Faith, Hope and an iPhone App
By Tracy Grant
The Washington Post
The purchase of a calendar is the single greatest act of faith I have ever witnessed.
My husband, body sapped by cancer but will unyielding, had me wheel him from his hospital room at Georgetown University Hospital to the university bookstore. He needed a calendar, he explained, to keep track of upcoming projects at work. It didn't need to be an elaborate organizer, he went on, because he would only need it until "I get my iPhone." One last time his crystalline blue eyes gleamed with life, with hope.
It was March 2007. He would be dead in six days. He would never record a single entry in the calendar we bought that day. Apple's first iPhone would not be sold for another three months.
I wept on June 29, 2007, the day the iPhone was introduced. Wept because I wanted nothing more than to be waiting in line to get him one, wept because God had not granted this mad-about-all-things-Apple geek his last wish.
Sometimes it seems that understanding death has become my life's work. Certainly trying to help our twin sons -- 11 when they lost their dad -- understand the ways of God has dominated the last few years. So last spring when the boys needed to do a service project in preparation for their Confirmation, it seemed like one of those teachable moments, an opportunity to make the linkage for them that good can grow from the unspeakable.
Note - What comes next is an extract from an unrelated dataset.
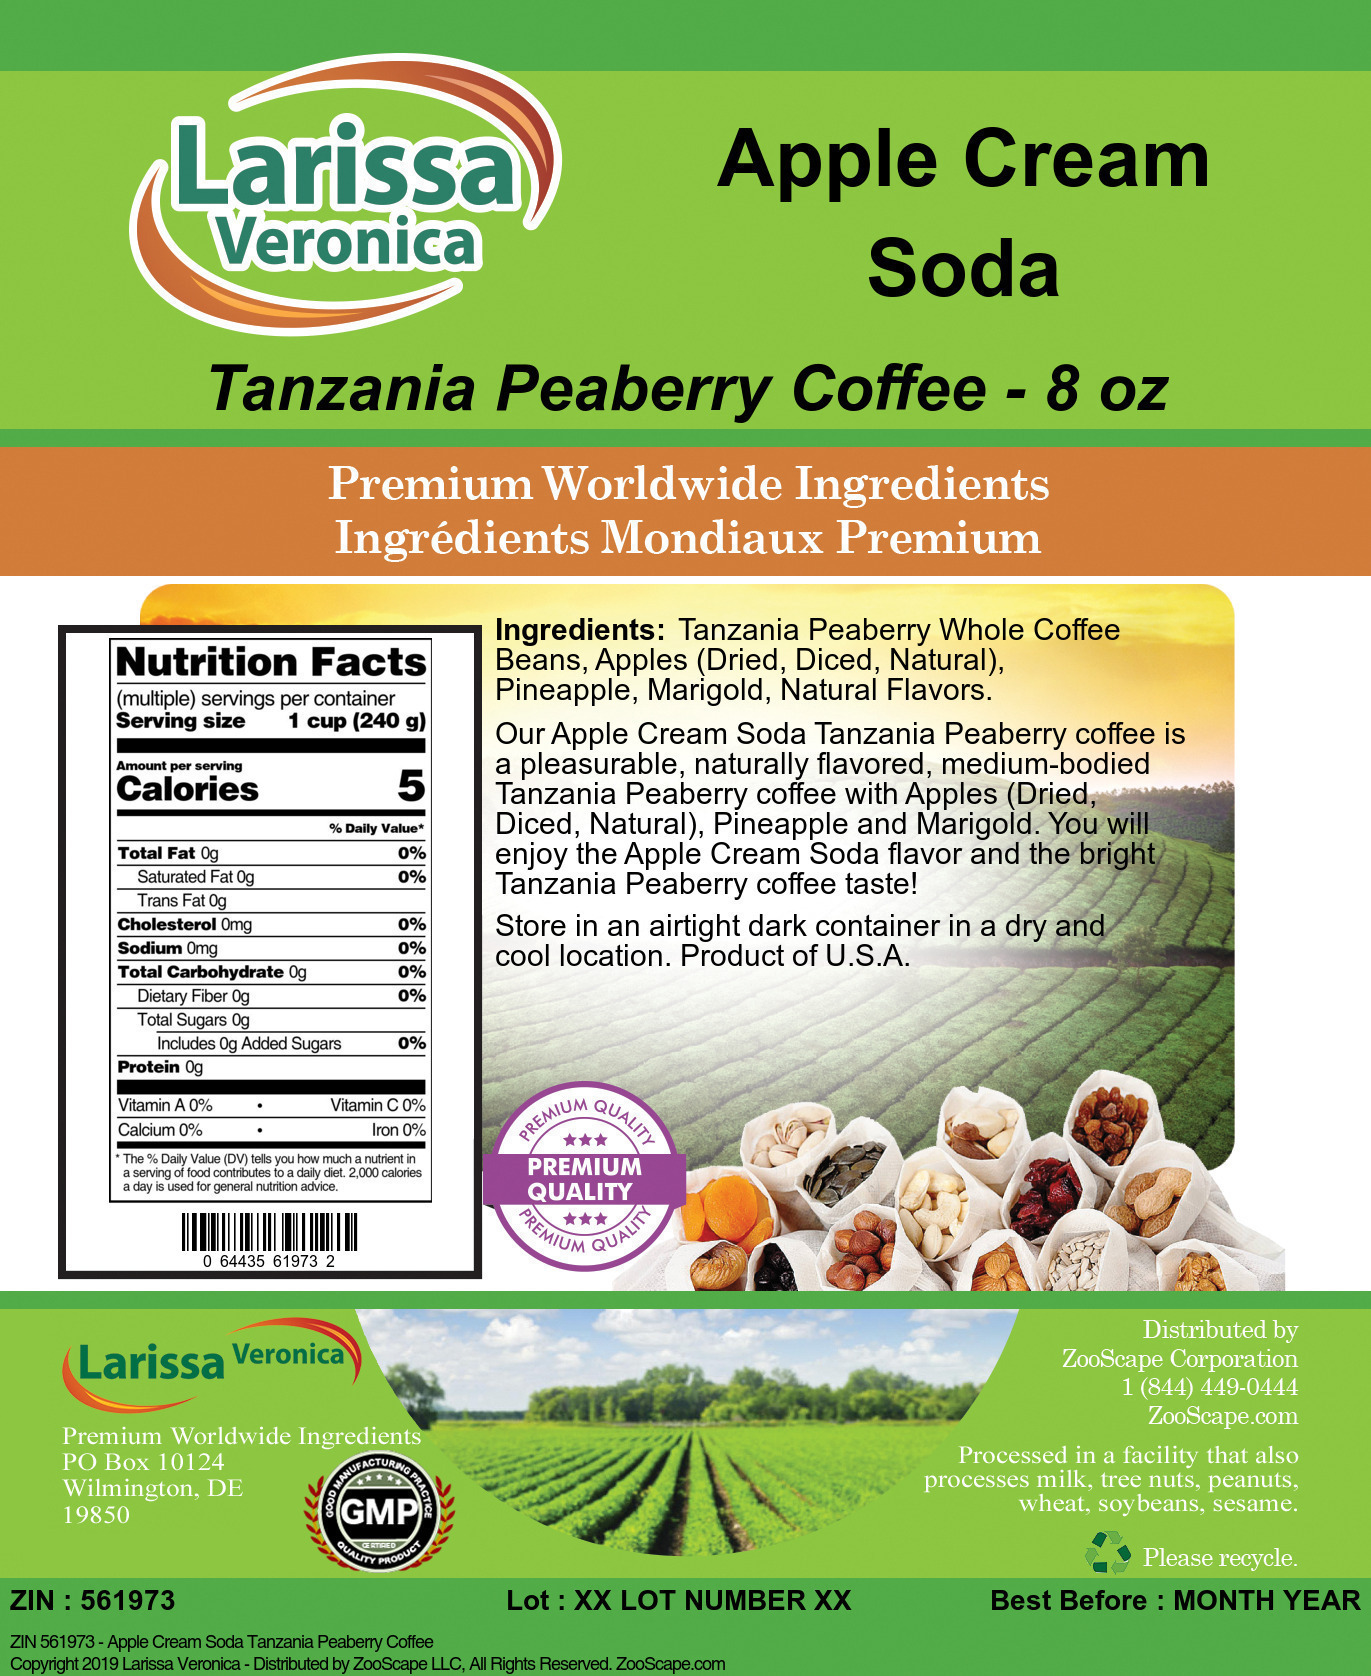 Apple Cream Soda Tanzania Peaberry Coffee - Label

So together we came up with the idea of creating a charity called "Rosaries for Research." It grew from words of wisdom from our parish priest: "Act as if everything depended on you, pray as if everything depended on God." The boys would distribute rosaries, asking people to pray for a cure for cancer and to make a small donation if they could. All donations would go to cancer research.
So armed with hundreds of rosaries (ordered from rosarymart.com -- who knew?), Ziploc bags and slips of paper explaining the project, Andrew and Christopher turned the den into an assembly line that Henry Ford would have been proud of. They spoke about their project at a Mass at the Georgetown University Hospital chapel. At their home parish, they set up a poster, a basket filled with rosaries and a donation box in the church vestibule. They collected and counted and after a month, they sent more than $1,300 to the Lombardi Cancer Center and the National Cancer Institute at the National Institutes of Health. Their child-like wonder at the kindness of strangers proved to them and me that good can come from the unspeakable.
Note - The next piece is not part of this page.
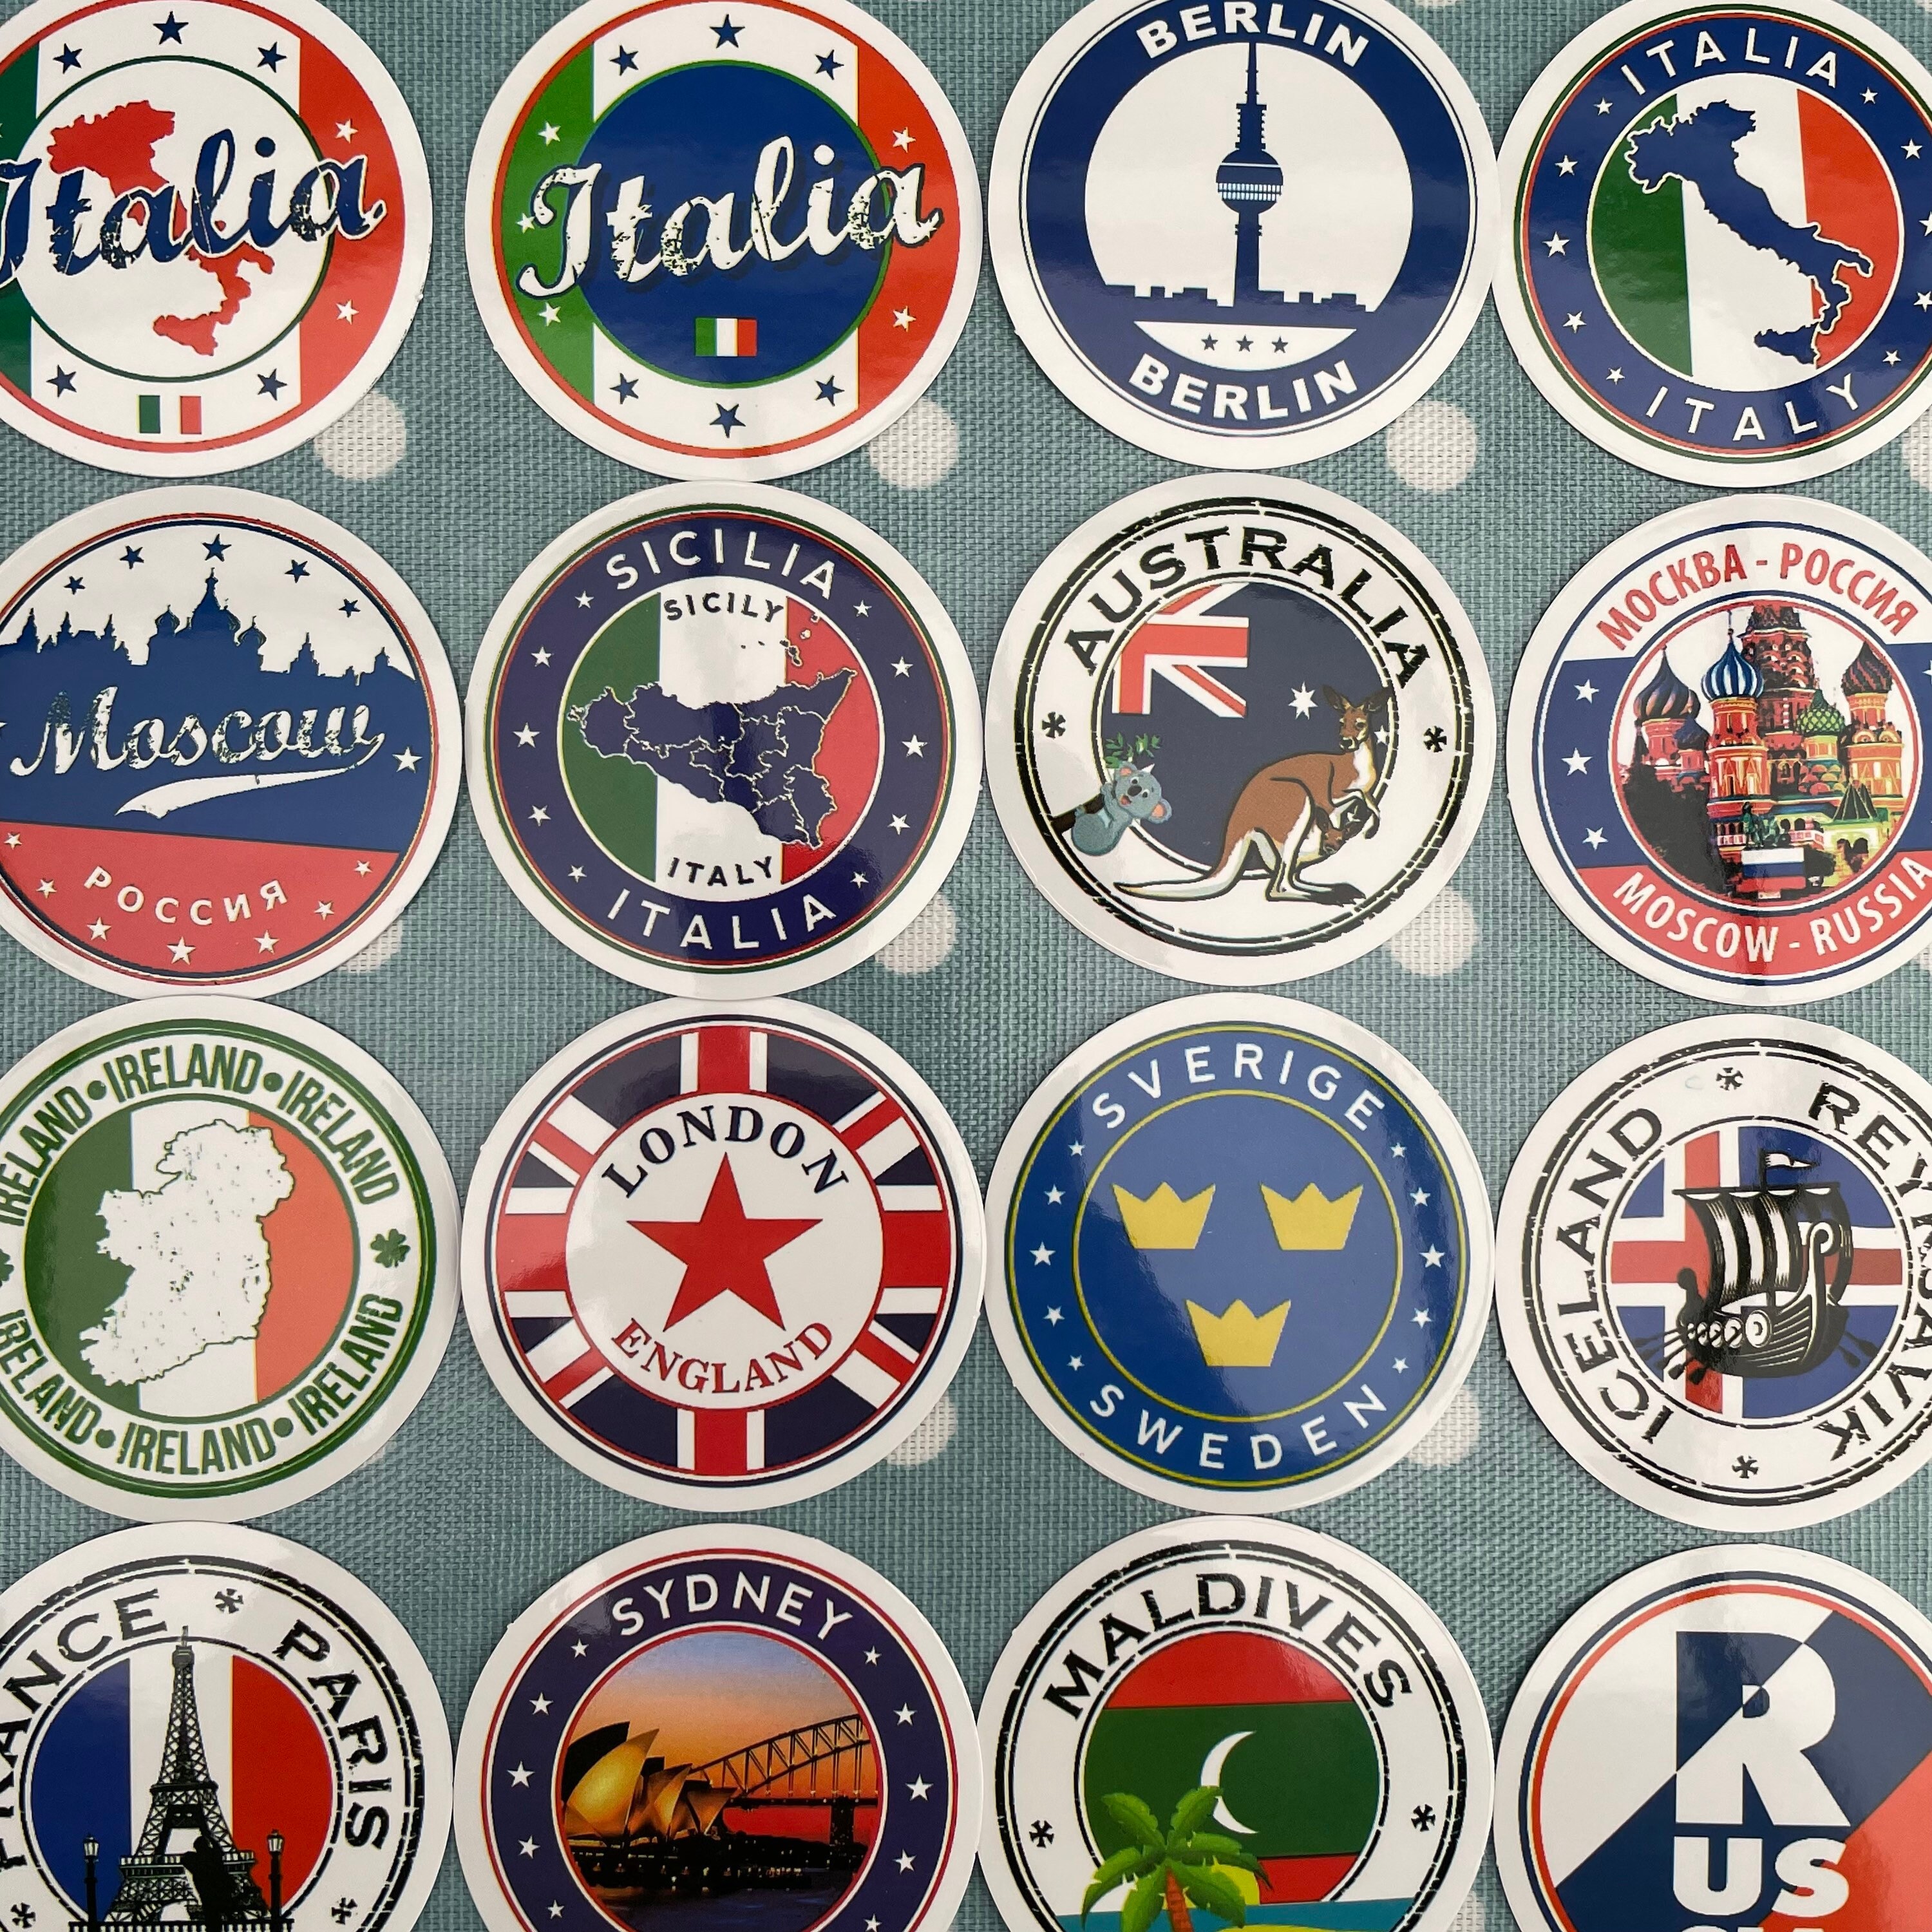 World Travel Sticker Symbols Set Variety: Stock-Vektorgrafik (Lizenzfrei)  142253134

But midway through this fairly traditional fund-raising effort, Christopher announced "Mom, I want to turn Rosaries for Research into an app for the iPhone." Clearly, the mad-about-all-things-Apple gene had been passed on.
So we bought the iPhone App Developers Program and a book about iPhone coding, and Christopher went to work. He enlisted the help of a friend to take just the perfect digital image of a rosary. He created a tab on the app explaining the history of the rosary, on another tab he wrote about the correct way to pray the rosary. He designed, tested and tweaked. He fought through technological glitches and had conversations with iPhone developers at Apple. And at age 13, he succeeded in getting the computer giant to approve his app for sale on iTunes.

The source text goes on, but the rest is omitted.